# Given data
────────────────────

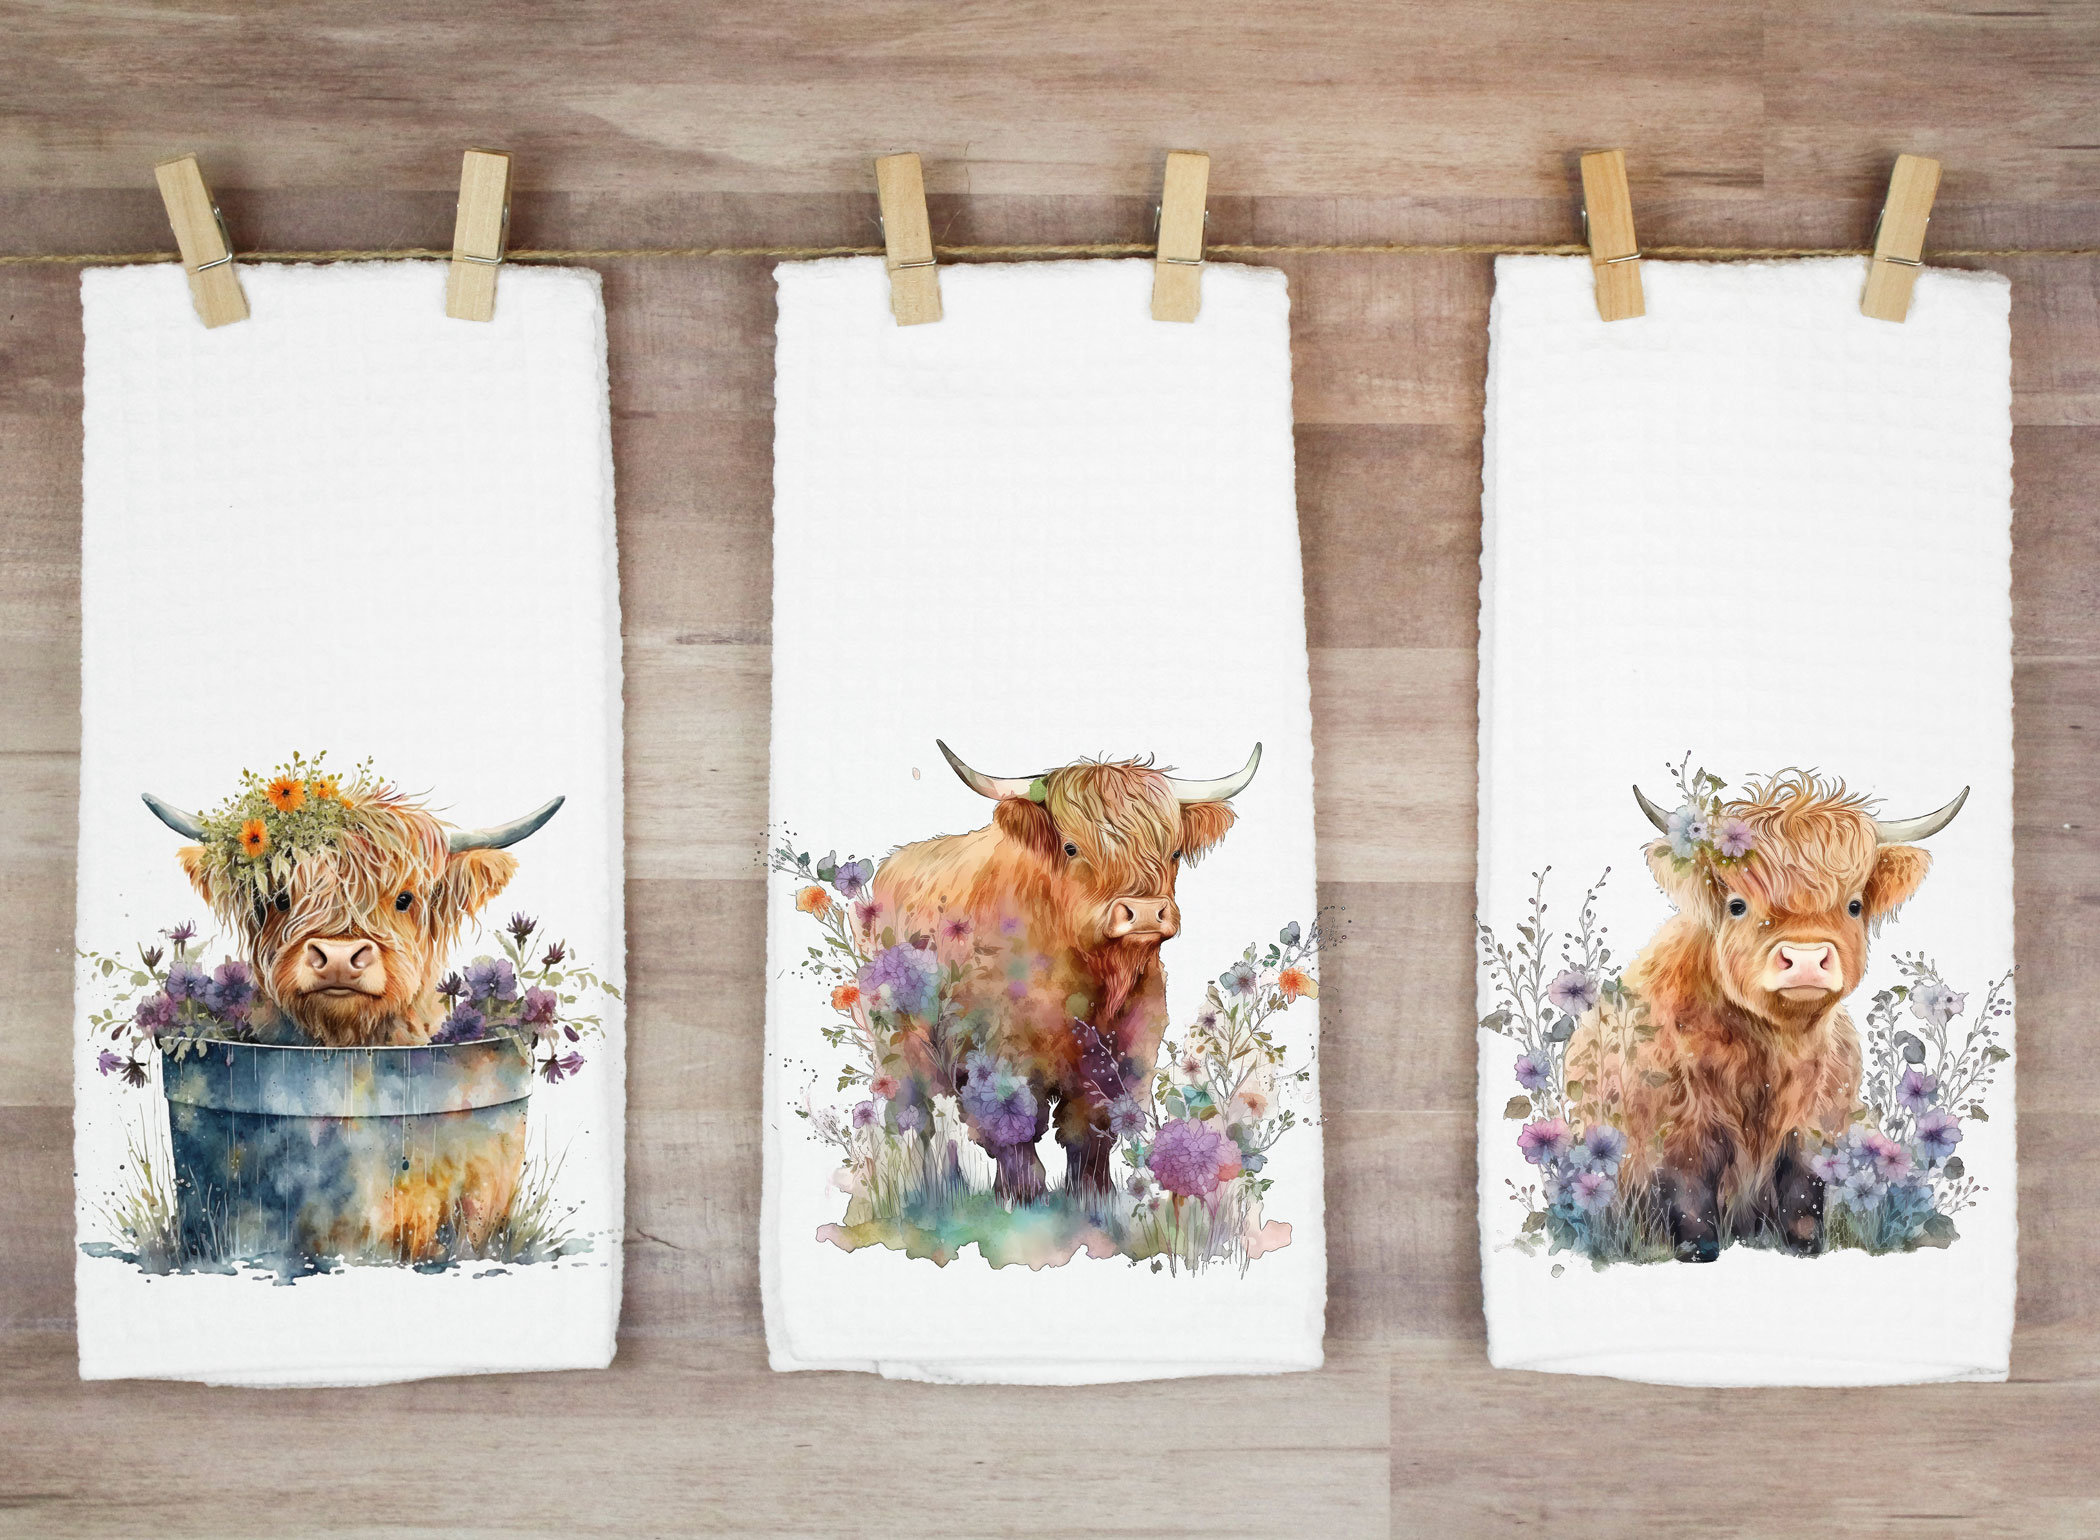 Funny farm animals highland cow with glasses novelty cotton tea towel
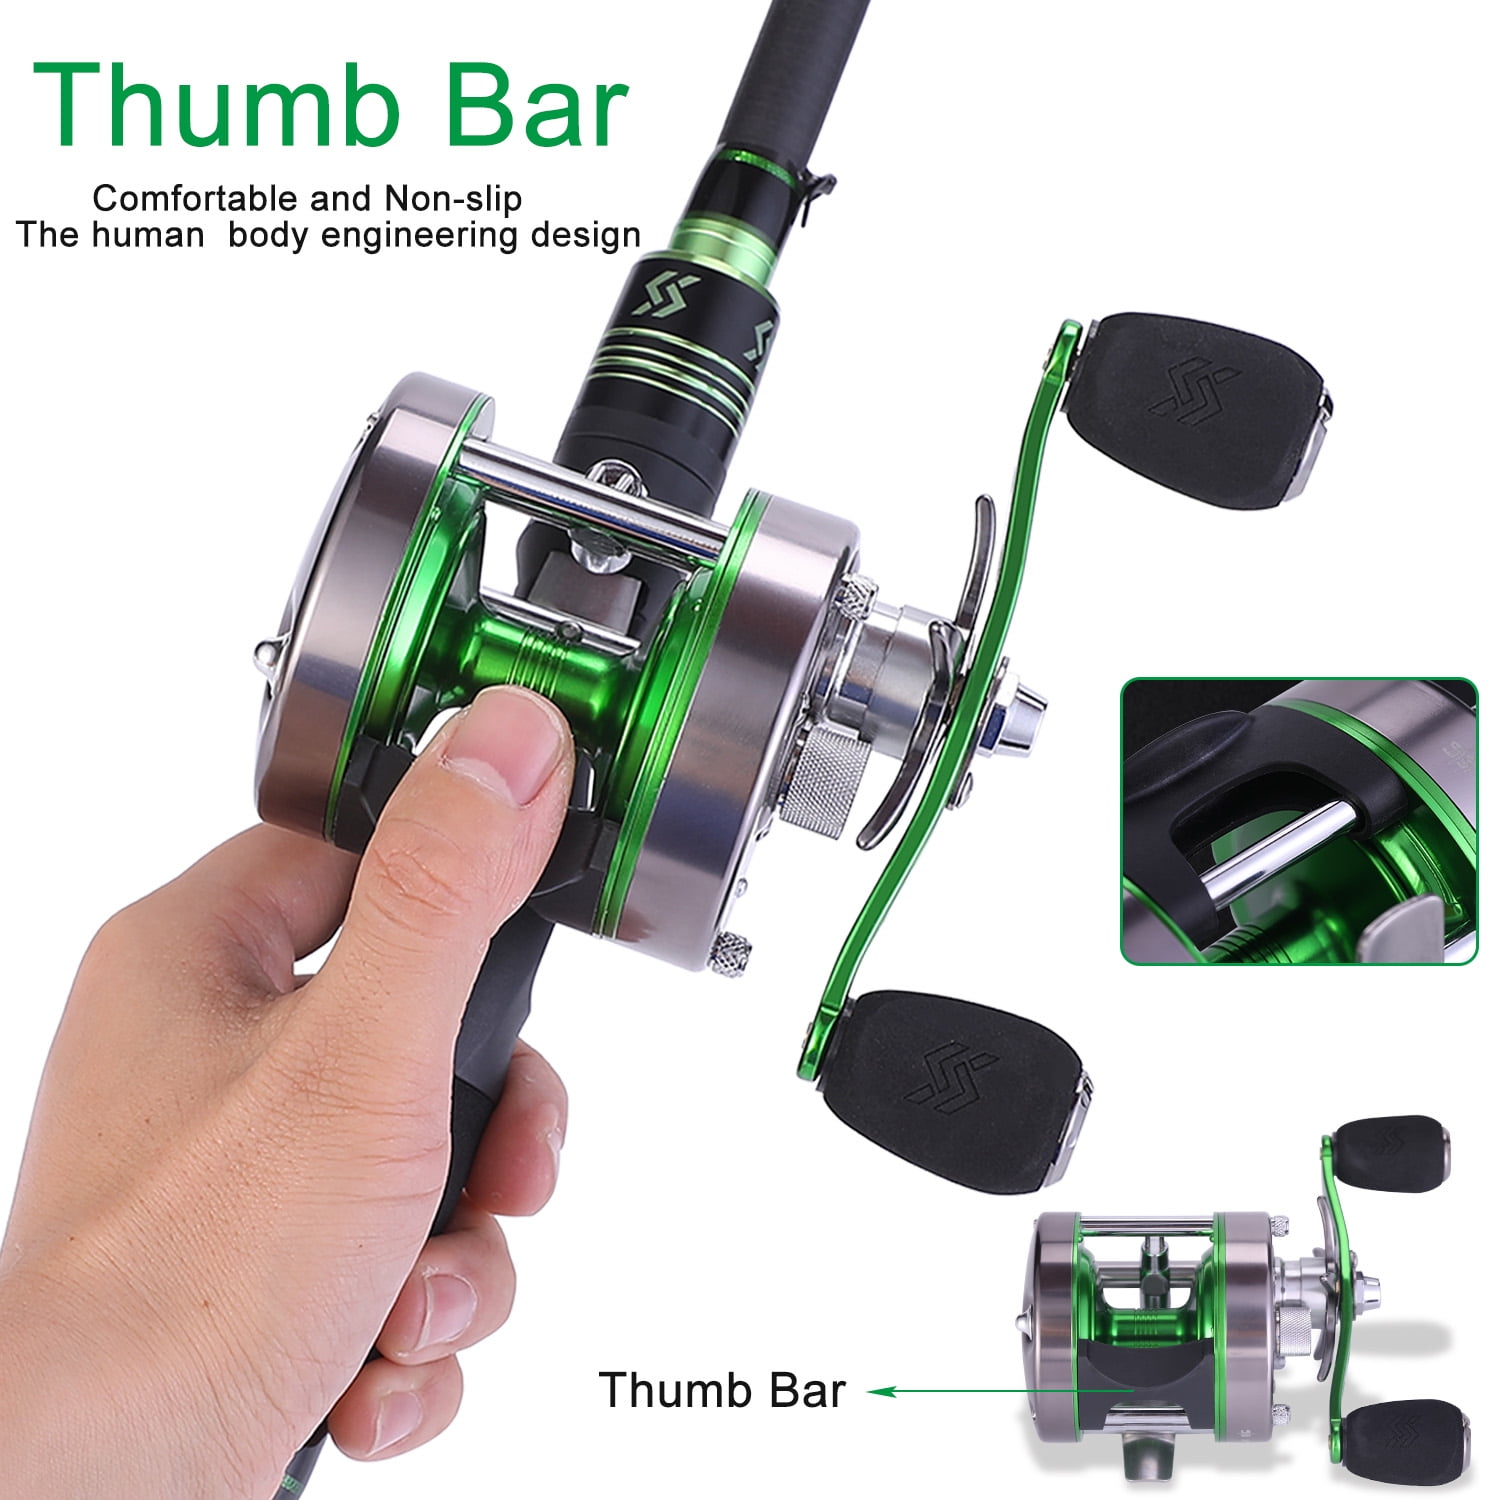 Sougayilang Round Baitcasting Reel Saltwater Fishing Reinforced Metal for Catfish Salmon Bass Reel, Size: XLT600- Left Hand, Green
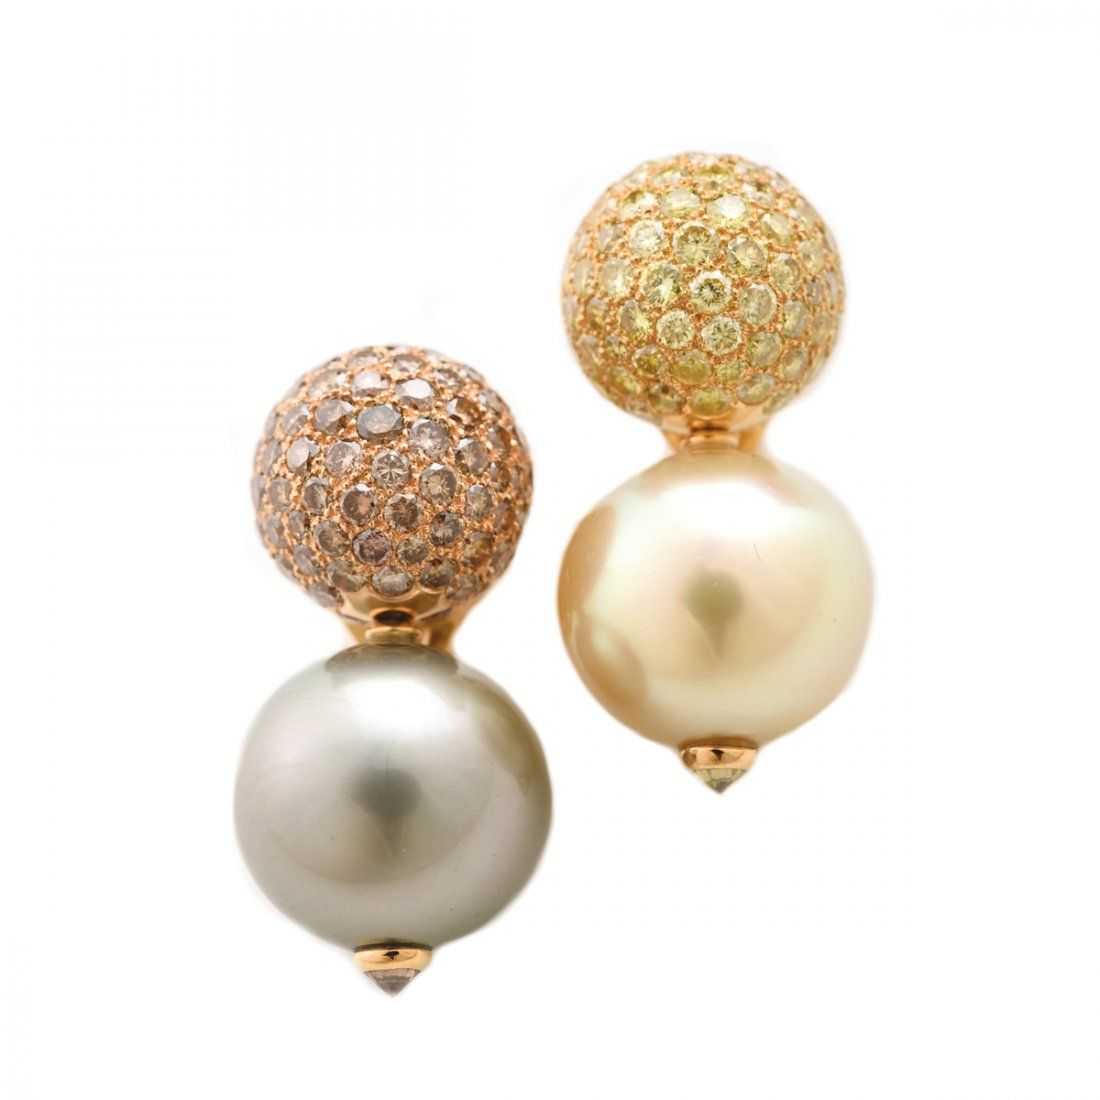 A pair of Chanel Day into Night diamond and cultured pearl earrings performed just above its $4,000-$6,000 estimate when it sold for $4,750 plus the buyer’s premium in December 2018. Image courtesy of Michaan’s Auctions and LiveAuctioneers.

────────────────────

Copy out the data verbatim, excluding the pictures.

 Funny farm animals highland cow with glasses novelty cotton tea towel
 Sougayilang Round Baitcasting Reel Saltwater Fishing Reinforced Metal for Catfish Salmon Bass Reel, Size: XLT600- Left Hand, Green
 A pair of Chanel Day into Night diamond and cultured pearl earrings performed just above its $4,000-$6,000 estimate when it sold for $4,750 plus the buyer’s premium in December 2018. Image courtesy of Michaan’s Auctions and LiveAuctioneers.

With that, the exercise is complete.